The ALJ appropriately articulated why he found Dr. Atkins's report better supported by the medical evidence than ARNP Rungruangkonkit's. As he indicated, those inconsistencies rendered ARNP Rungruangkonkit's opinions less persuasive than Dr. Atkins's. Id.; 20 C.F.R. §§ 404.1520c(c)(1)-(2). Accordingly, because the ALJ sufficiently explained how the factors of consistency and supportability were considered in weighing the opinions of the medical experts, the Court finds that the ALJ's rejection of ARNP Rungruangkonkit's reports was supported by substantial evidence.
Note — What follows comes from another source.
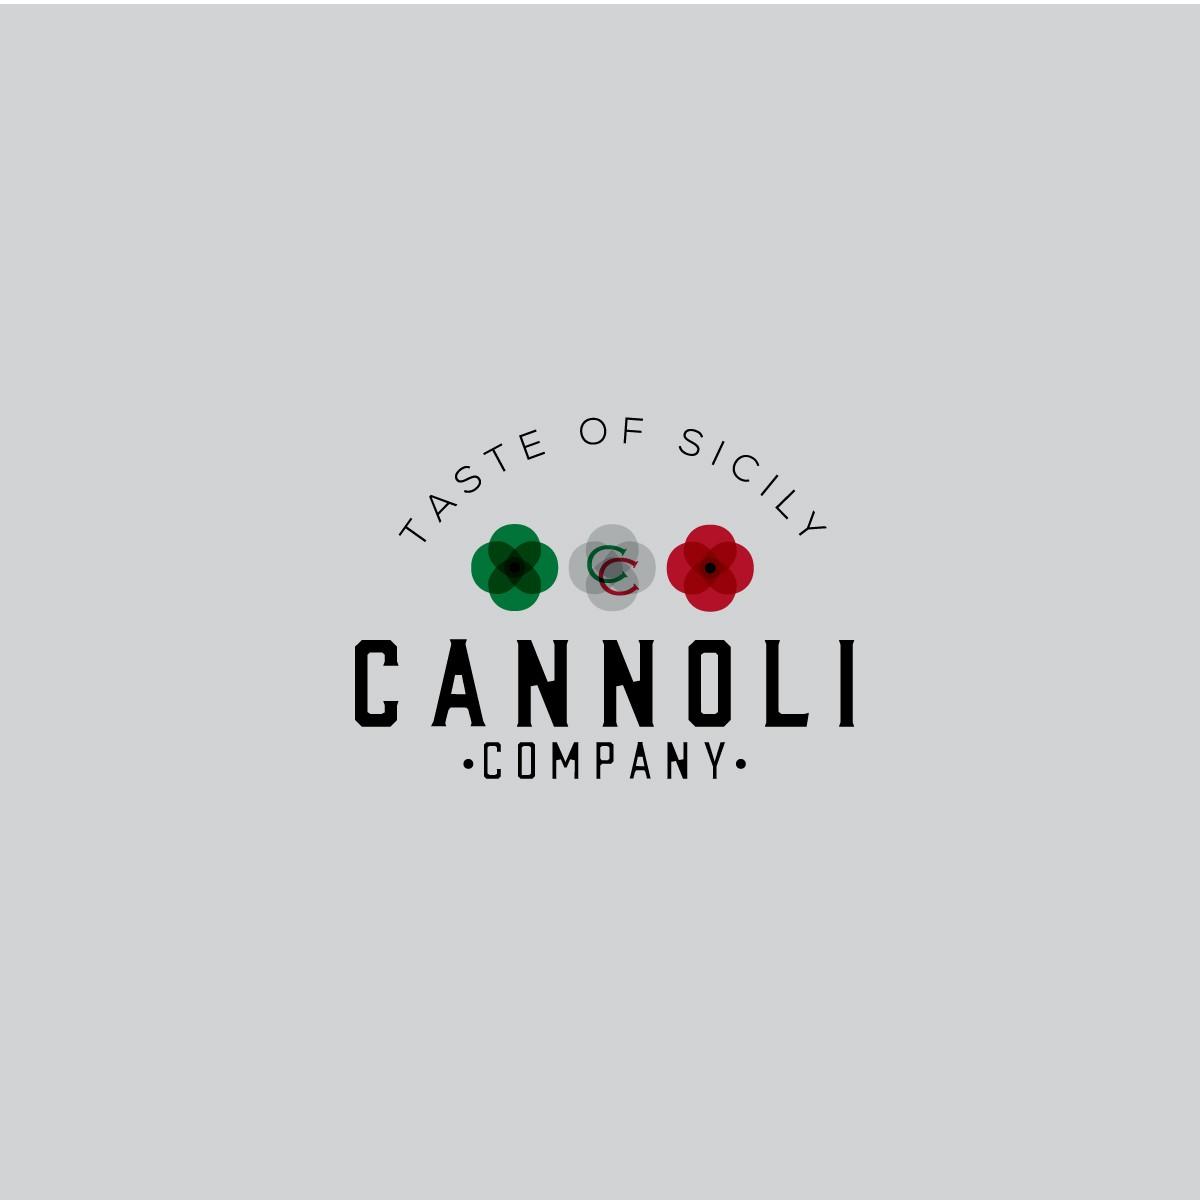 Cannoli-Company

Woods v. Kijakazi, 32 F.4th 785, 792 (9th Cir. 2022).
CONCLUSION
Having reviewed the record and the ALJ's findings, the Court concludes that the final decision of the Commissioner is supported by substantial evidence and free of harmful legal error.
ACCORDINGLY, IT IS HEREBY ORDERED:
1. Plaintiff's Motion for Summary Judgment (ECF No. 10) is DENIED.
2. The Commissioner's Brief (motion), ECF No. 14, is GRANTED.
3. The final order of the Social Security Commissioner denying Plaintiff's application for Title II benefits is AFFIRMED. Judgment is entered in favor of Defendant.
The District Court Executive is directed to enter judgment in favor of the Defendant, furnish copies to counsel, and CLOSE the file.